What is needed here is an exact printout of the data, with no pictures included.

* [Provided data]

· · ·

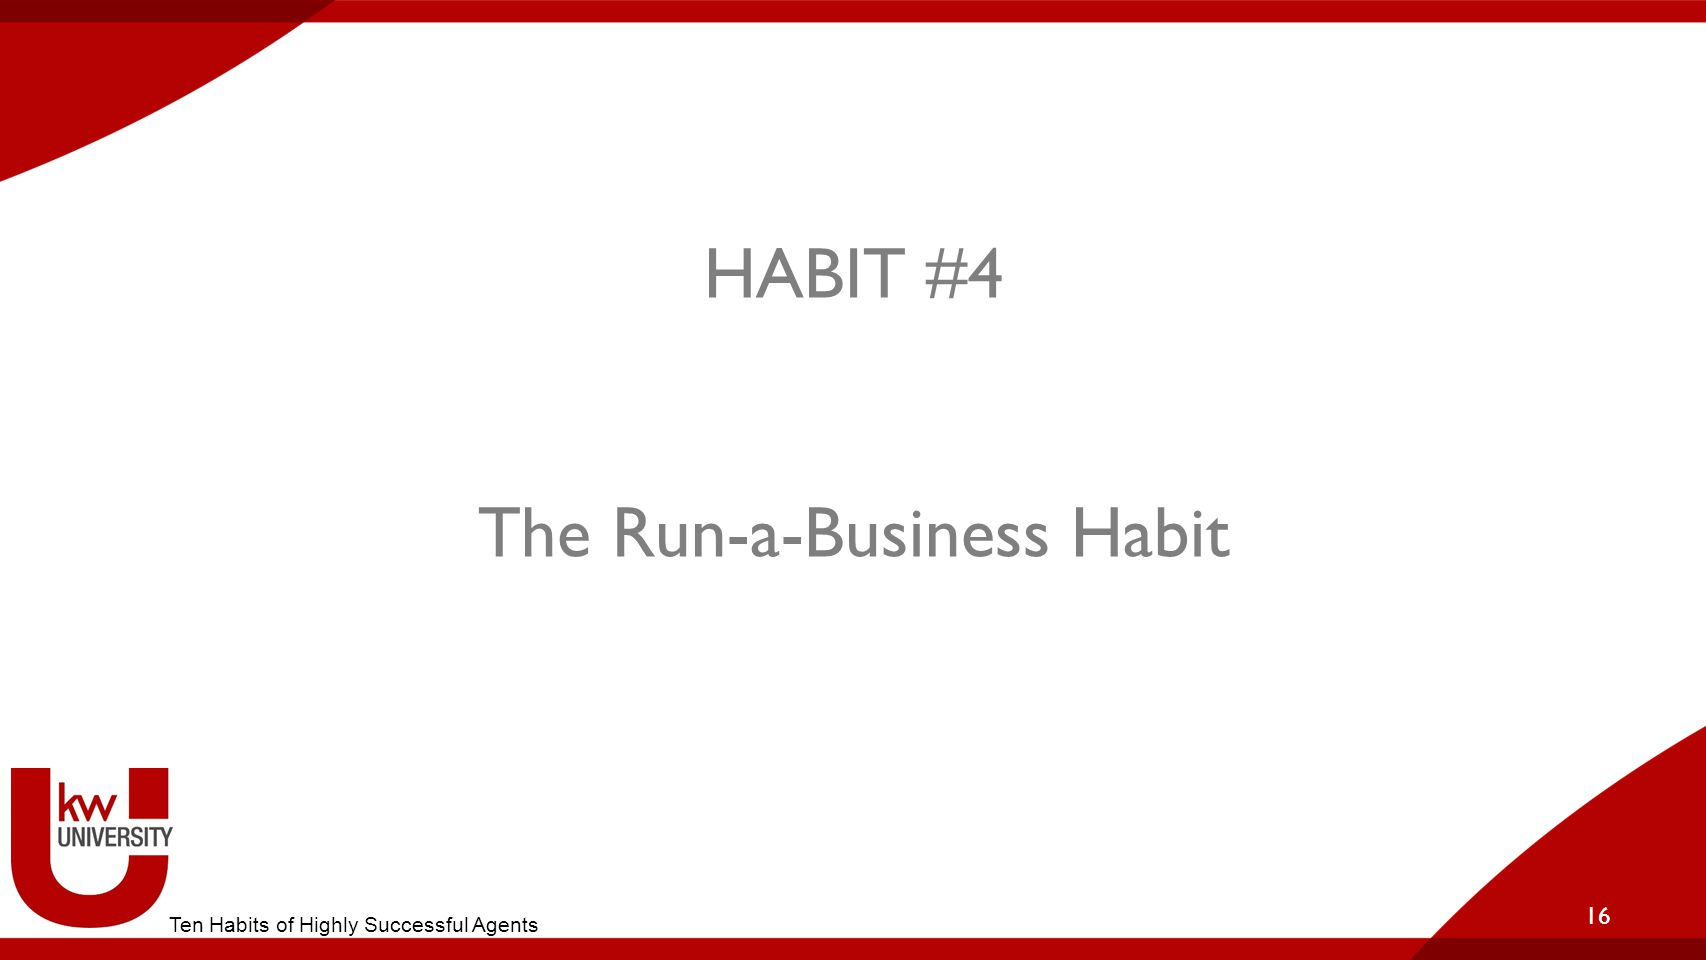 HABIT #4 The Run-a-Business Habit
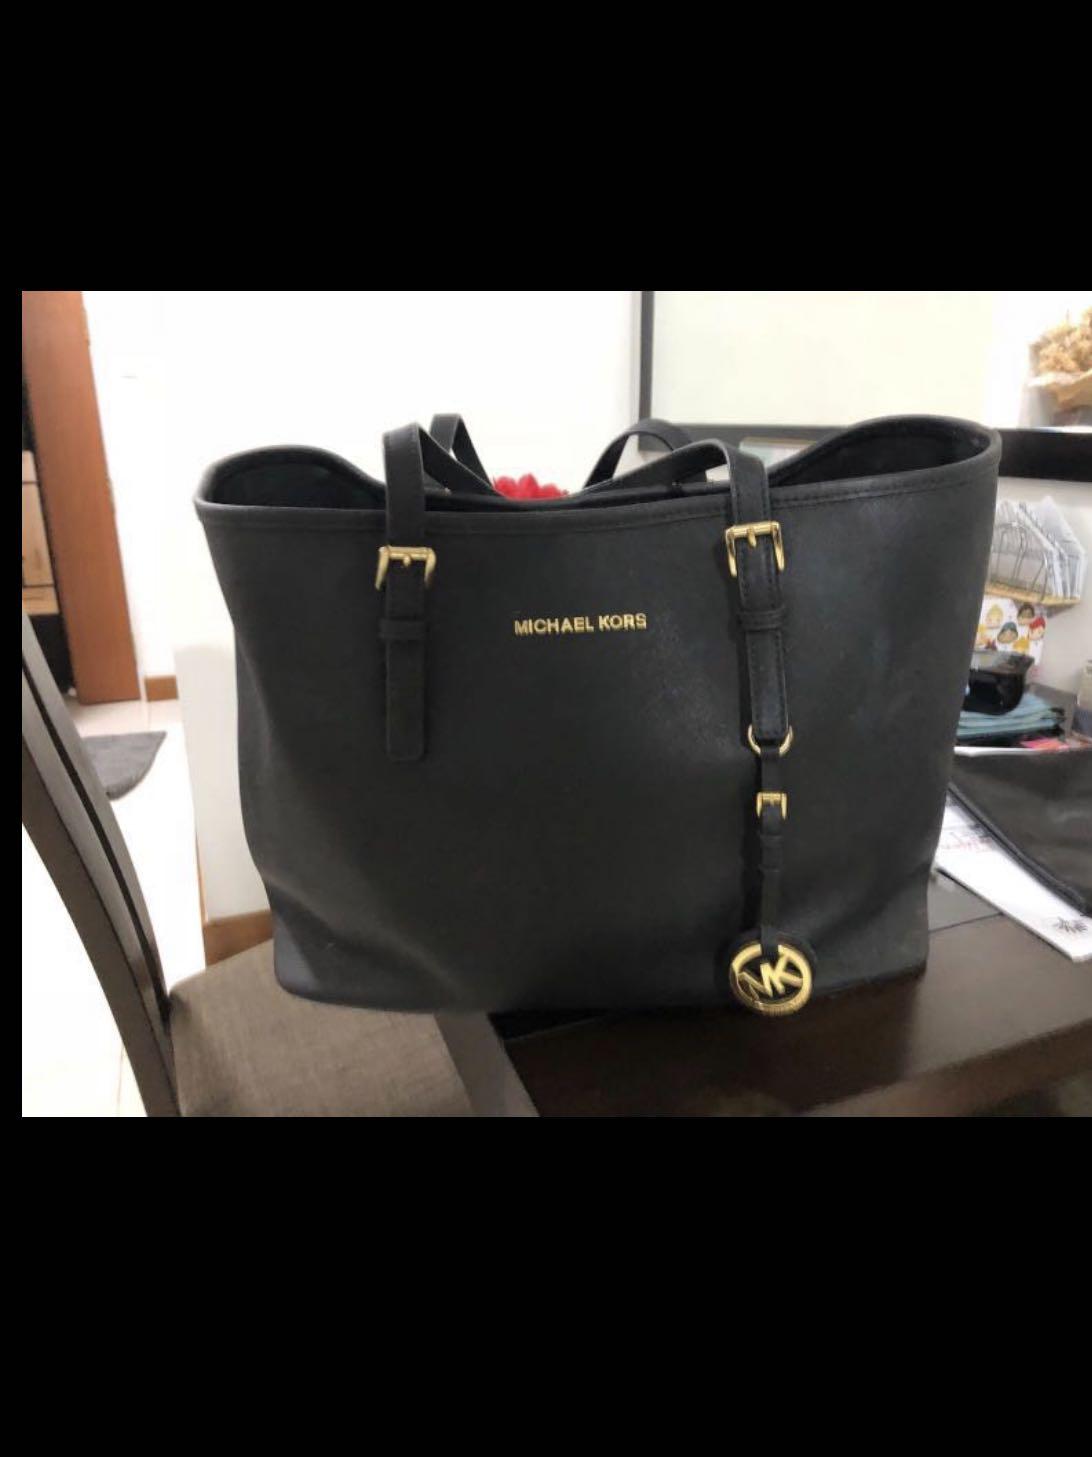 646fa6613971a0 Michael Kors Bag, Luxury, Bags & Wallets, Handbags on Carousell
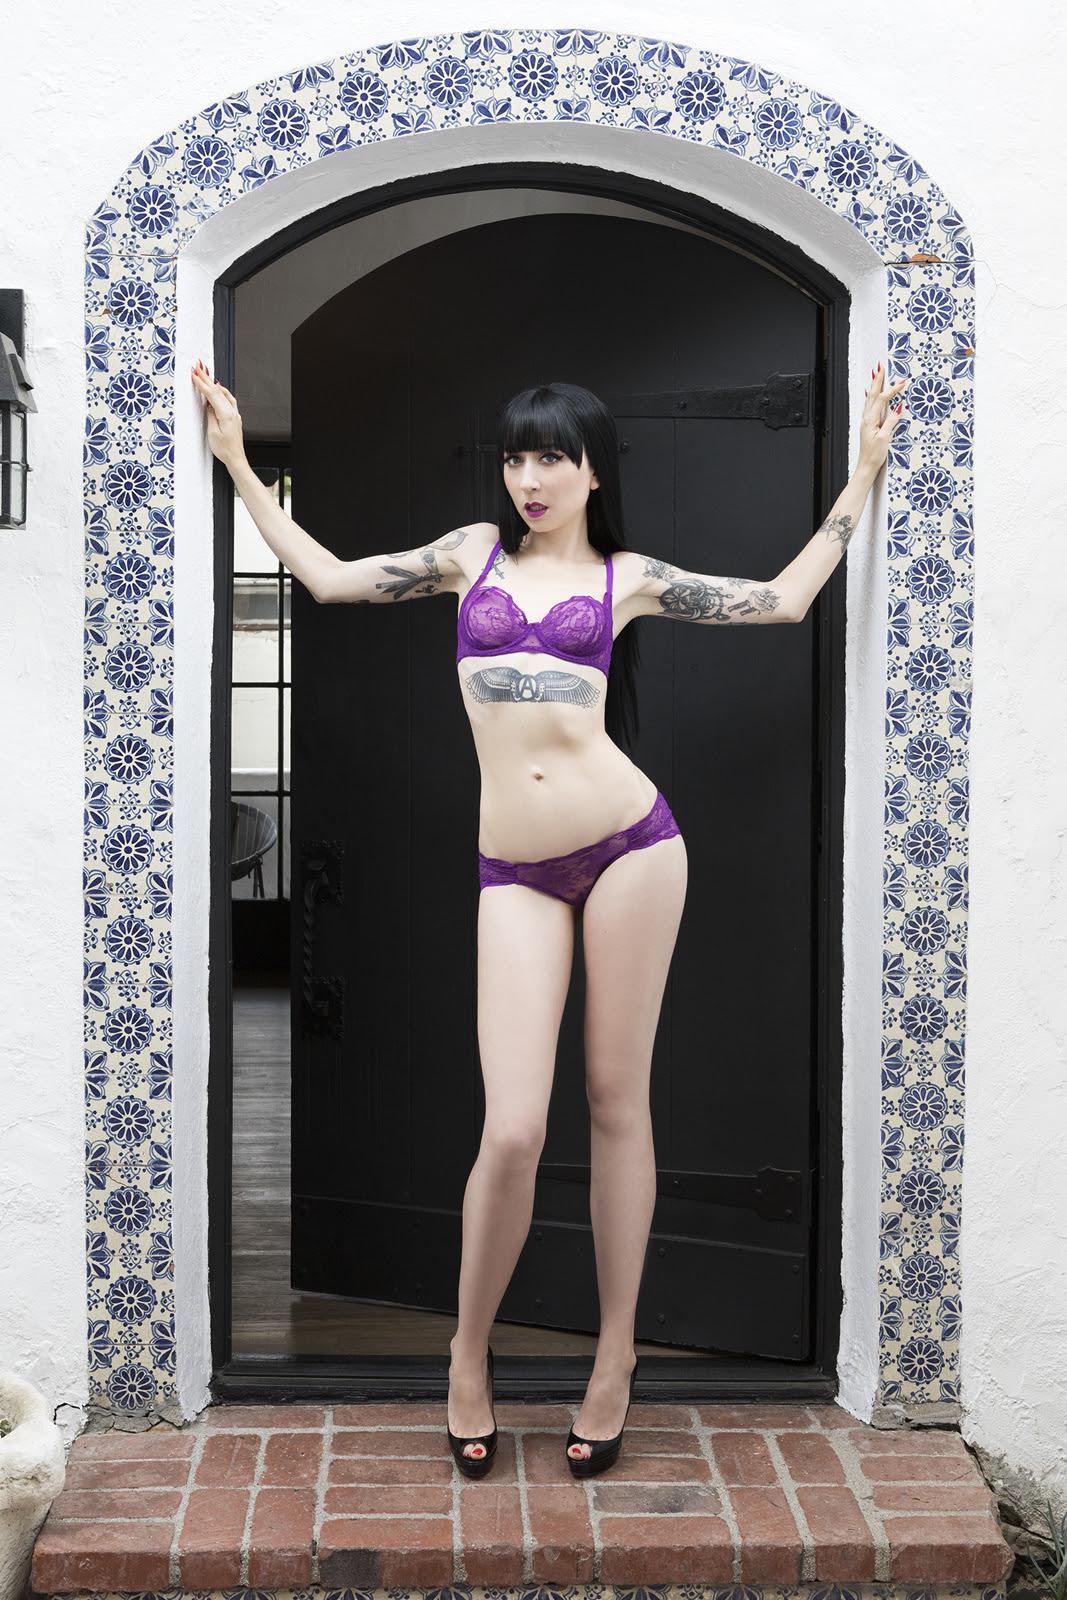 mistress_ramona_ryder_looking_good_sf_nyc_escort_purple_1.jpg
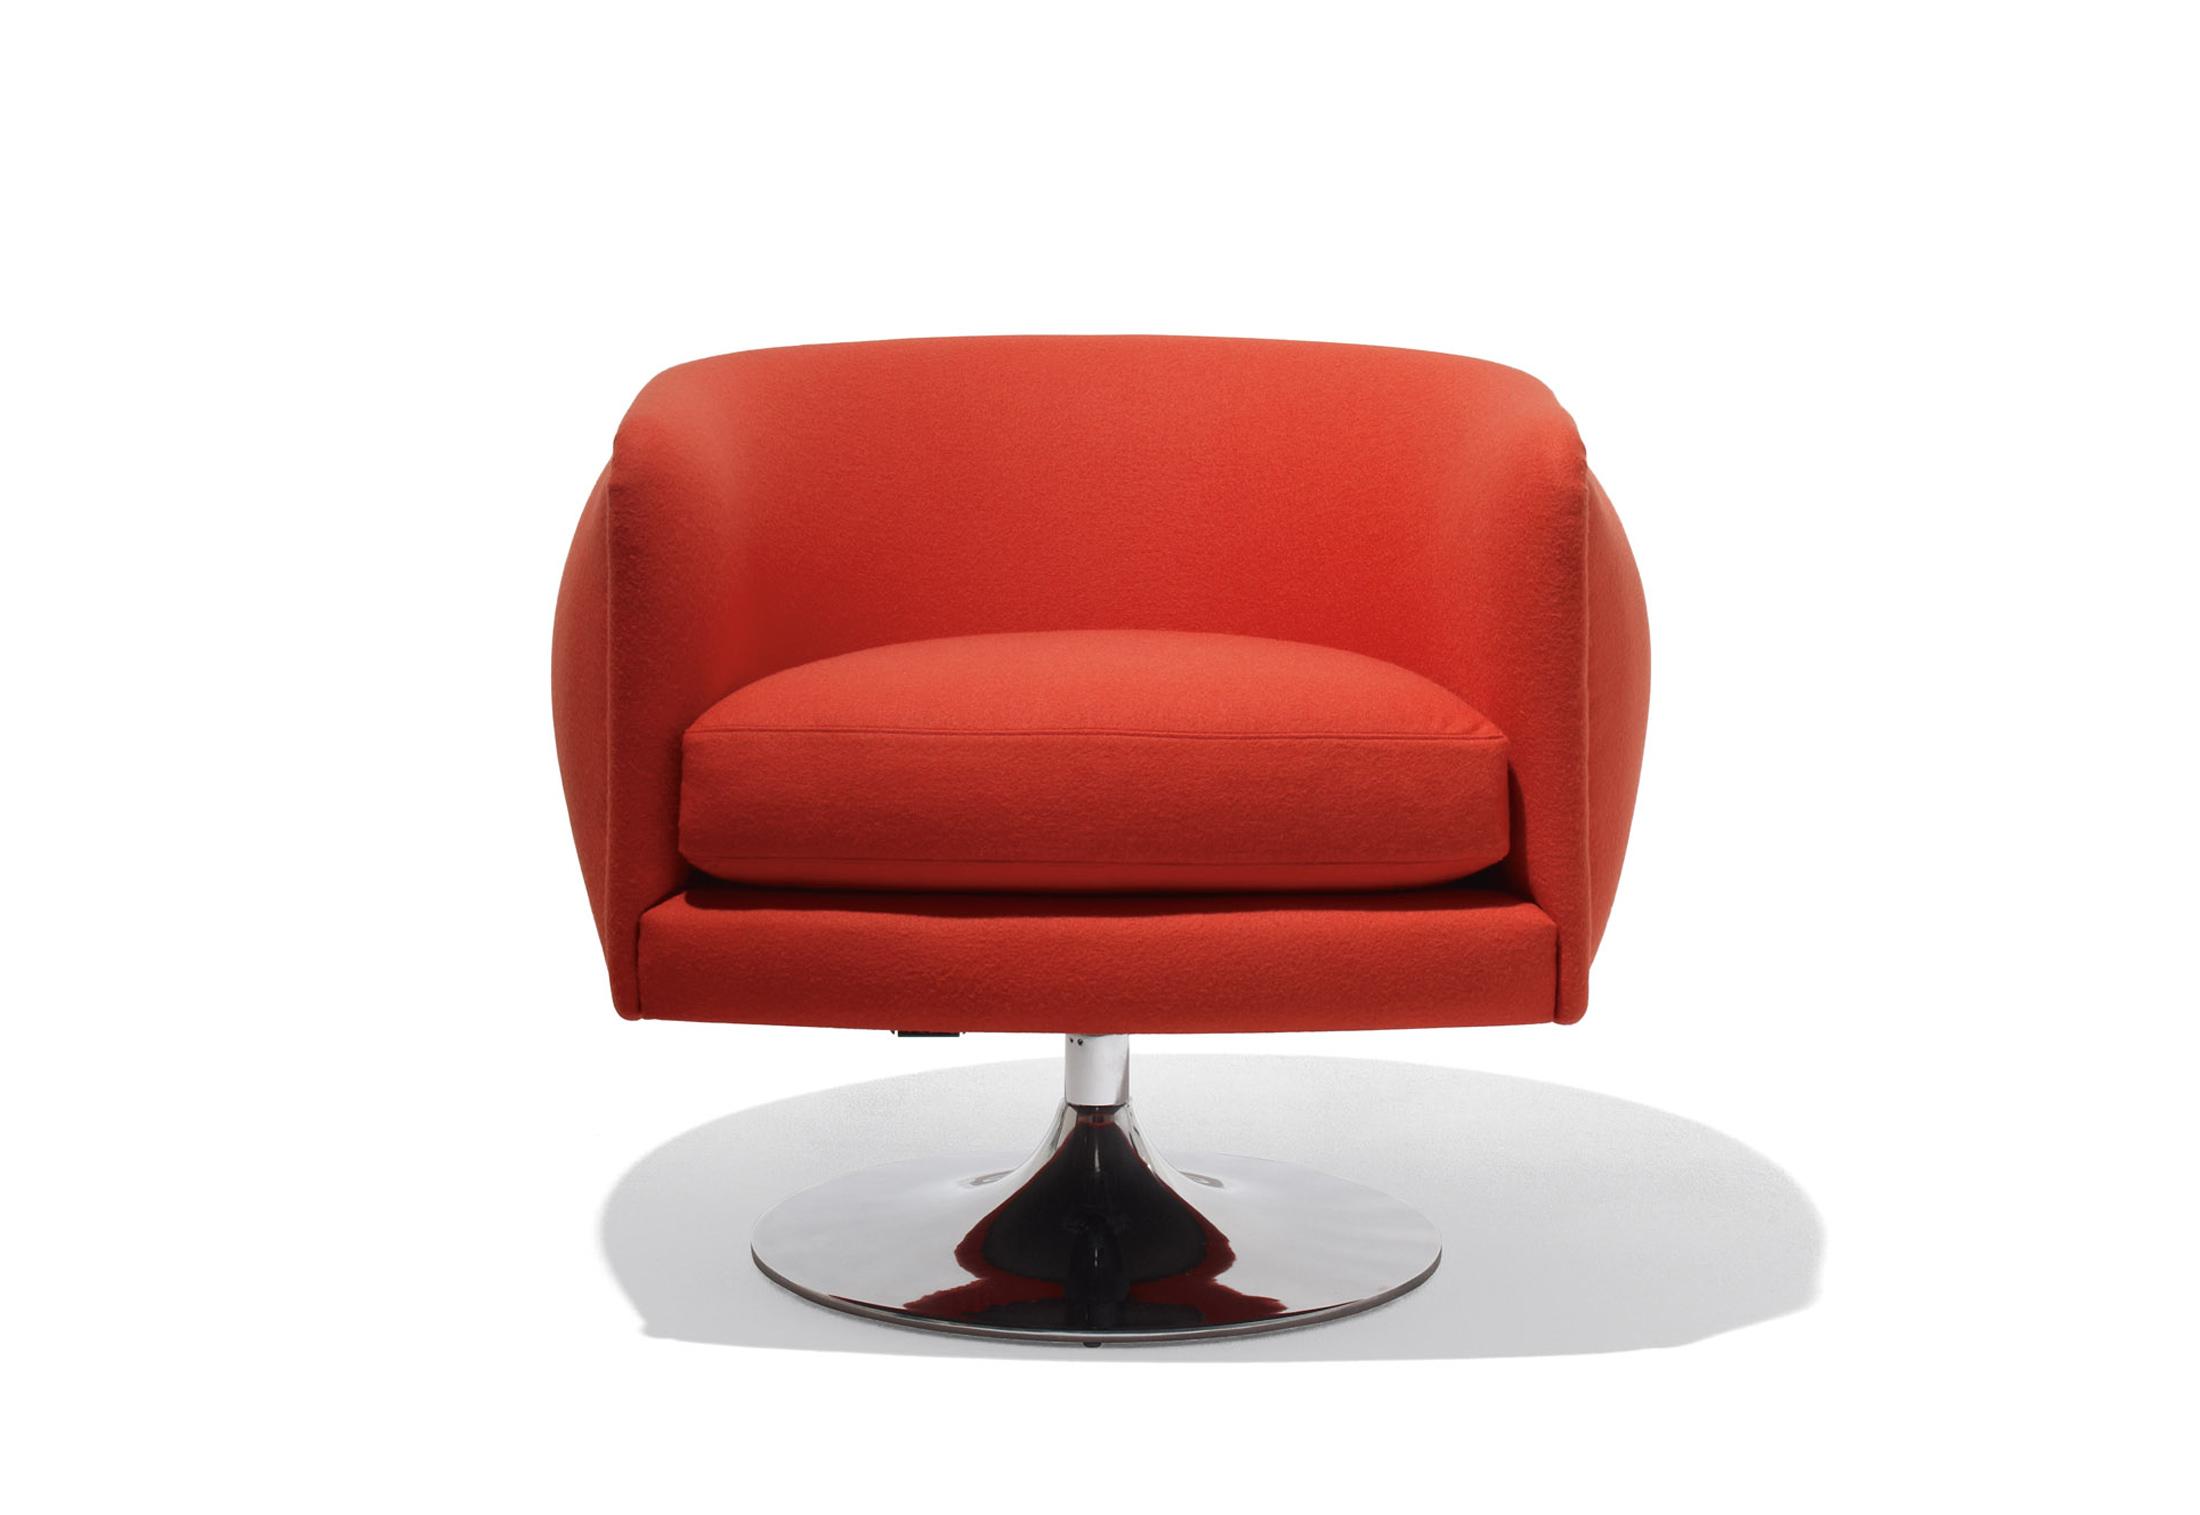 D Urso Swivel Lounge Chair By Knoll Stylepark

· · ·

* [Exercise result]
 HABIT #4 The Run-a-Business Habit
 646fa6613971a0 Michael Kors Bag, Luxury, Bags & Wallets, Handbags on Carousell
 mistress_ramona_ryder_looking_good_sf_nyc_escort_purple_1.jpg
 D Urso Swivel Lounge Chair By Knoll Stylepark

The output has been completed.